The goat was used as the animal model because the anatomical structure of the knee is similar to that of humans [39,40,41]. The full thickness of the knee cartilage of goats is only 2 mm, and a simple cartilage defect substitute is difficult to fix firmly [42]. In addition, cartilage damage often accompanies damage to the subchondral bone. Many studies have suggested that cartilage damage and subchondral bone should be repaired [43, 44]. A cartilage defect with a diameter up to 3 mm can be repaired without intervention [45]. Therefore, large cylindrical osteochondral defects (diameter: 8 mm, height: 8 mm) were used in our research. Based on the IHC and molecular biology in vivo analysis, the COL-HA-PVA hydrogels promoted the repair of cartilage defects, and hydrogels seeded with chondrocytes were more effective than the hydrogel only group (control). These results are consistent with other studies that have shown that a scaffold inoculated with cell has a better effect on cartilage repair [46, 47]. The microfracture of subchondral bone helps in the healing process, although most of the neo-tissue might be fibrocartilage [48, 49]. Based on the results of IHC and molecular biology, a small amount of cartilage-like matrix was produced in the control group without hydrogel, which suggests that the goat cartilage has the ability for self-repair. In addition, the chondrogenic matrix was more prominent in the cell-seeded and cell-free scaffolds in this research; compared with the cell-free group, the cell-seeded group had more cartilage formation, corresponding to published research [49, 50].

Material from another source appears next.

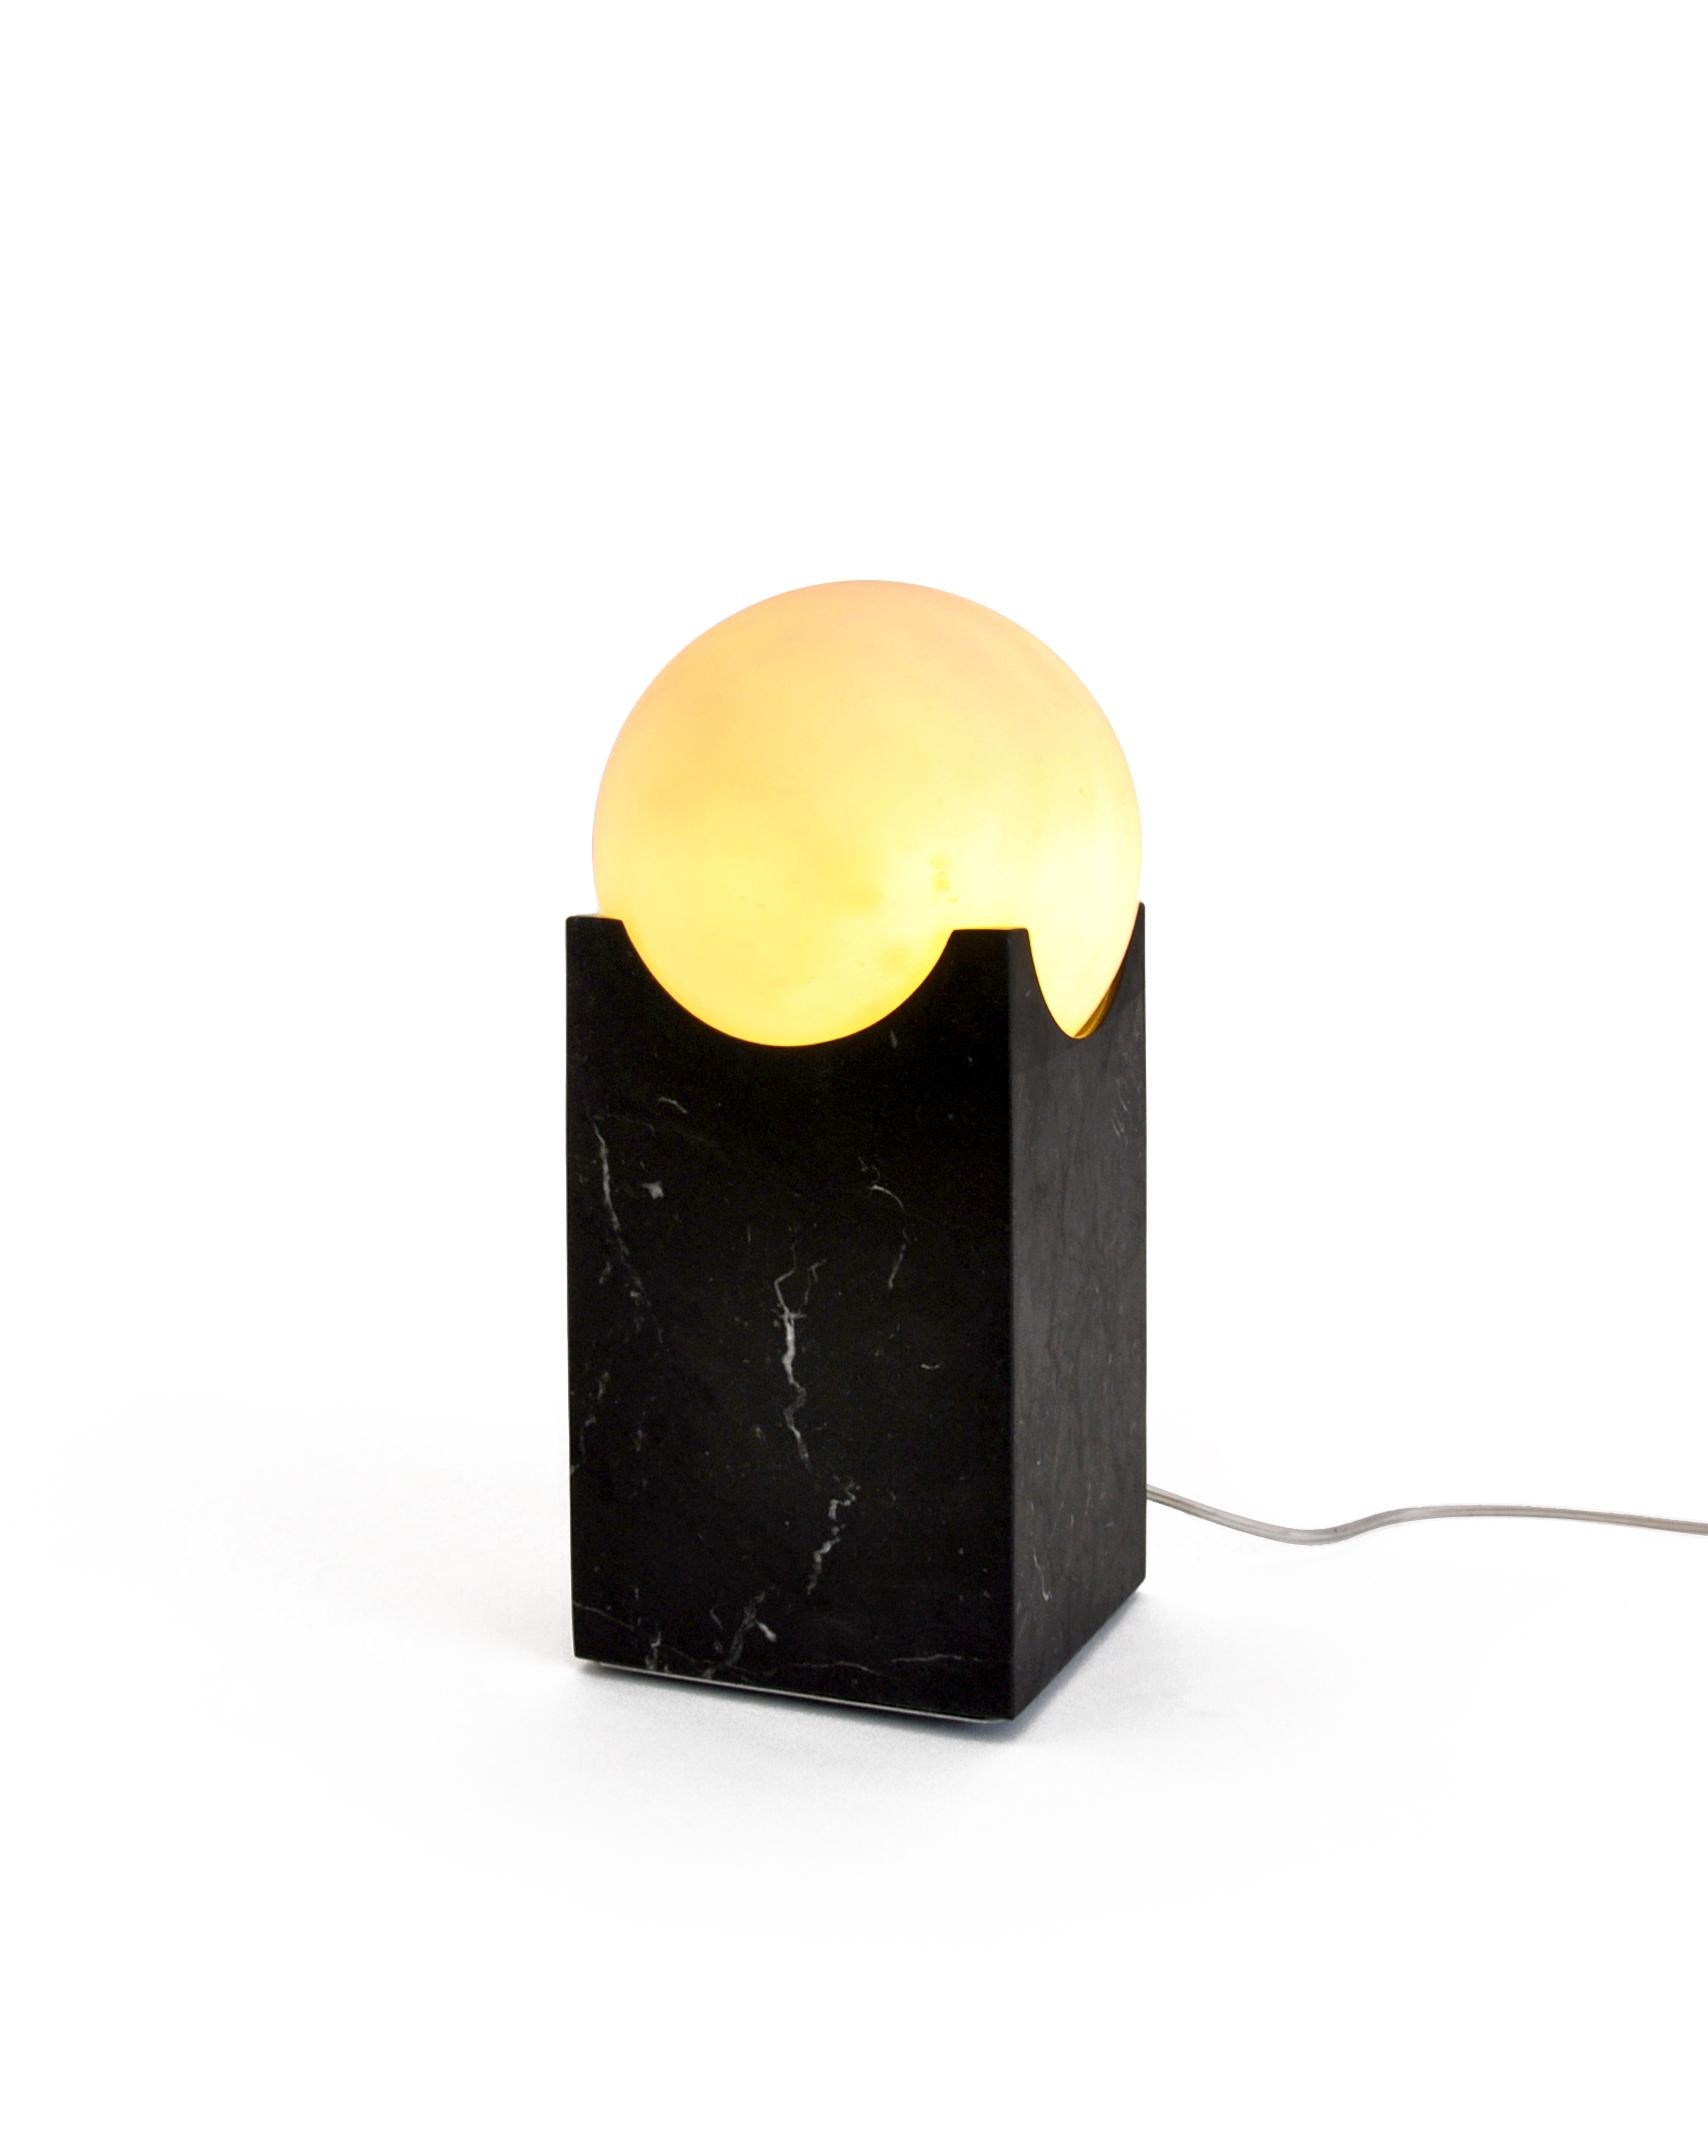 Small eclipse lamp in satin Paonazzo or black Marquina marble. It gives a distinct and elegant touch to your house.

Each piece is in a way unique (every marble block is different in veins and shades) and handmade by Italian artisans specialized

Further studies are necessary for realization of the further application of COL-HA-PVA hydrogels. First, the mechanical properties of the materials, including compression, tension, shear, and friction, need to be further tested, and the mechanical properties can be optimized by structure or composition changes [51, 52]. Second, there are some differences between the biodegradable COL reticular structure and COL in natural cartilage, and the COL microscaffold in the hybrid hydrogels tends to be structurally unstable. Further study is needed to balance the degradation of COL and the formation of neo-tissue. Finally, longer periods of observation in vivo should be performed to verify the practicability of COL-HA-PVA hydrogels in cartilage defects.

5 Conclusions

COL-HA-PVA hydrogels were created using FDM printing, freeze-drying crosslinking, double steaming water demolding, and genipin crosslinking. In the hybrid PVA hydrogels, the HA-PVA hydrogels have an interconnected macropore structure, which simulates the characteristics of the viscoelastic material of natural cartilage, while the infilled degrading COL microscaffolds improved the biocompatibility of hydrogels, allowing for cell adhesion. The in vitro experiments revealed excellent cellular biocompatibility, and the hybrid hydrogels had more cartilage formation when the diameter of the print-denatured PVA scaffold was 1.6 mm. The in vivo results showed that the COL-HA-PVA hydrogels could effectively repair cartilage defects, especially when inoculated with chondrocytes in advance. The results of this study indicate that the COL-HA-PVA hydrogels have promising application in cartilage repair.